The Directors believe there are a number of growth opportunities for the Group, both organically and through acquisition. The overall UK gambling market is substantial and is forecast to pass GBP3 billion of NGR by 2016 (source: Gambling Compliance). The UK online gaming market is estimated to grow approximately GBP1.6 billion of NGR by 2016 with bingo-led online gaming estimated to account for 32.3 per cent. of the UK online gaming market.

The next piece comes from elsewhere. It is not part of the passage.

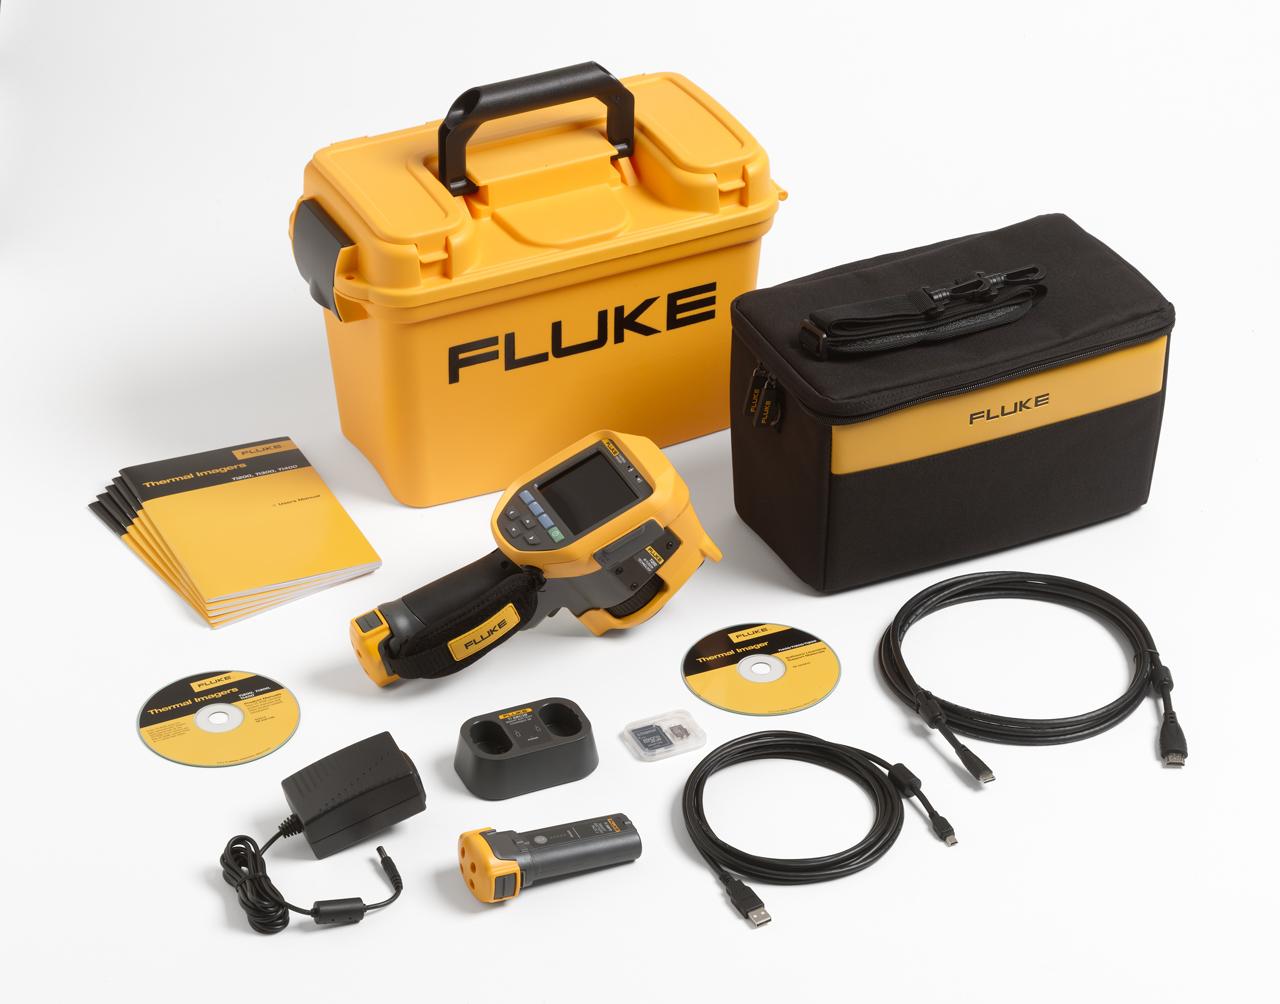 FLUKE Ti200 9Hz - Thermal Imager; 9Hz / 2.09 mRad / 200 x 150 pixels

With the implementation of the point of POC tax in the UK, and the general increase in regulation, the Directors believe that a number of smaller-scale online bingo operators will suffer a significant impact to their margins from the POC tax that will make it difficult for them to continue operating. The Directors also believe that with bingo generally attracting a predominately female demographic, the pressure on margins created by the POC tax will also lead to the larger multi-product online gambling operators prioritising their marketing spend more towards their core product leaving opportunity for a bingo-led business to increase market share both from organic growth and through acquisition.

Stride Gaming is therefore seeking to raise at least GBP10 million to support the Company's strategic buy and build and organic growth strategies.

Key strengths include:

-- Online bingo-led focus with a proprietary software platform as its core business. The Directors believe that many of the larger online gambling operators view their online bingo operations as non-core to their broader offering and, therefore, with the impact of POC tax and the need to maximise marketing spend returns, will be less focused on their online bingo offering;

-- Highly experienced management team and staff with strong gaming expertise and proven track record in the online gaming industry having been involved in the online bingo market since 2002, generating rapid growth in a short time frame and successfully having sold two online bingo-led businesses for GBP60 million and $42 million respectively. The management team have demonstrated its ability for delivering acquisitions having acquired the business and assets of Table Top Entertainment in September 2014. The Board of Directors on admission include the former CEO of Sportingbet Plc, the founder of the GlobalCom bingo network, one of the largest bingo networks worldwide, and the current General Counsel and Company Secretary at Selfridges Group;

-- A multi-brand offering with clear differentiation between each brand to target different categories of players. The Directors believe that a multi-brand strategy improves player retention and enables Stride Gaming to offer inactive players an alternative offering, as well as providing the Group with cross marketing opportunities to improve the LTV of players;

-- Proprietary software which, together with software and related programs acquired from NextTec Software which support the TTE sites, ensures that the Group can improve the gaming experience without needing to rely on other third party software providers and pay additional royalty and licensing costs as a result. Having control of the software underpinning the Group's operations will also enable easier entry into other regulated jurisdictions;

-- Only focusing on regulated markets. The Directors believe that by focussing on these markets, where the barriers to entry are generally higher owing to the time and cost required to gain (and retain) the requisite licences to operate in such regulated markets, lends itself to attracting players who may not otherwise consider online bingo and associated gaming (or at least their reputation) to be socially acceptable, thereby increasing demand for its offering; and

   --    Intuitive marketing strategy, based on sophisticated analytics provided by proprietary 

software, to maximise player LTV. The Directors believe that online bingo appeals to a predominately female audience who are attracted by the social element which online bingo provides rather than other forms of gambling.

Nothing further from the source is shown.